Welles considered this his worst film of the ones he directed, not that he hated it, he simply didn't rank it as highly as his others. Taking the project on to prove he could helm a simple entertainment now his perceived "artistic" leanings were making him unpopular in the movie business, the result was the biggest hit of his career - at the time it was released at any rate. Nowadays it is a public domain film, often seen in fuzzy prints on budget labels or on late night television, which is a shame when Russell Metty's much-acclaimed cinematography deserves to be appreciated on as clean and crisp a presentation as possible.

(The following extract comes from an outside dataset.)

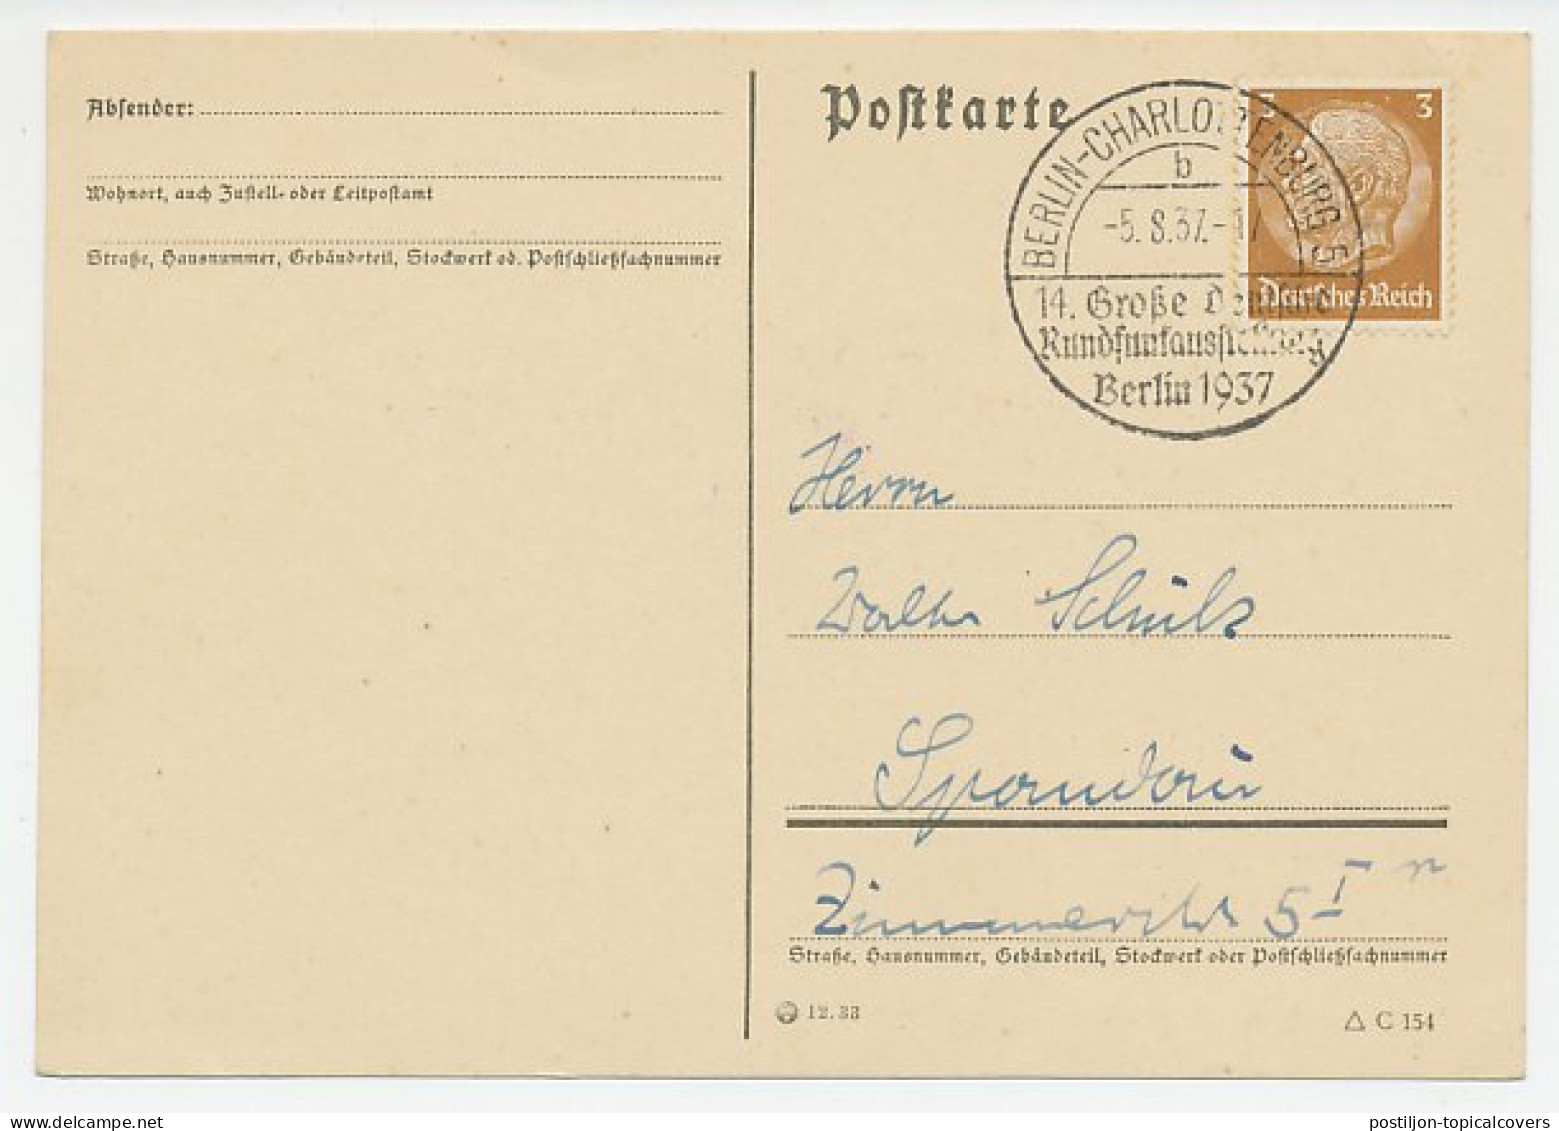 Postcard / Postmark Deutsches Reich / Germany 1937 Broadcasting Exhibition - Radio - Ohne Zuordnung

It is that general appearance of the film that was its strongest suit, as the plot tended towards the hokey, surprising for a subject matter which was very much in the headlines of the day. When he is tracked down, Welles makes a more convincing hounded killer than he does a top ranking Nazi, in spite of the speeches he gives his character, one of many touches which make it somewhat incredible that Kindler evaded capture for as long as he did. The way he lets slip his opinions on Jews, the way he casually draws a swastika on a public telephone notepad, his tendency to perspire and look shifty at the drop of a light accusation from Wilson, all this practically screams his guilt.
So when that small fry Nazi mysteriously vanishes, leaving his luggage behind, everyone's suspicions are raised, even those not looking to track down war criminals. However, the only person who can incriminate Kindler is his wife Mary (Loretta Young), a character who seems unworldly in ways that are hard to believe, as even when she does cotton on to his scheme and the fact that he killed that little foreign man who arrived at the house asking for him, she refuses to accept that her husband had anything to do with the enormity of the crimes he is being accused of otherwise. Young tries hard, but cannot prevent Mary from seeming anything other than irritatingly daft, closing her mind to the obvious.
Rather better is the antagonism between Kindler and Wilson, even though they are given disappointingly few chances to face off against each other until the end where all is revealed. Robinson's dogged determination is appropriate to his role, and you spend the film willing him to uncover yet another piece of a puzzle that for some reason he knows the solution to but cannot act upon it until he has that vital element of proof. No matter that the second someone like that thought they had their man they would act without delay - Wilson's caution nearly costs more lives - the game of wits that these two men engage in contributes well to a suspense that might otherwise not have been present. There is a surprisingly violent finale well worth waiting for, but mainly The Stranger is interesting for being one of those forties films which informed the paranoia of the following decade's thrillers and science fiction. Music by Bronislau Kaper.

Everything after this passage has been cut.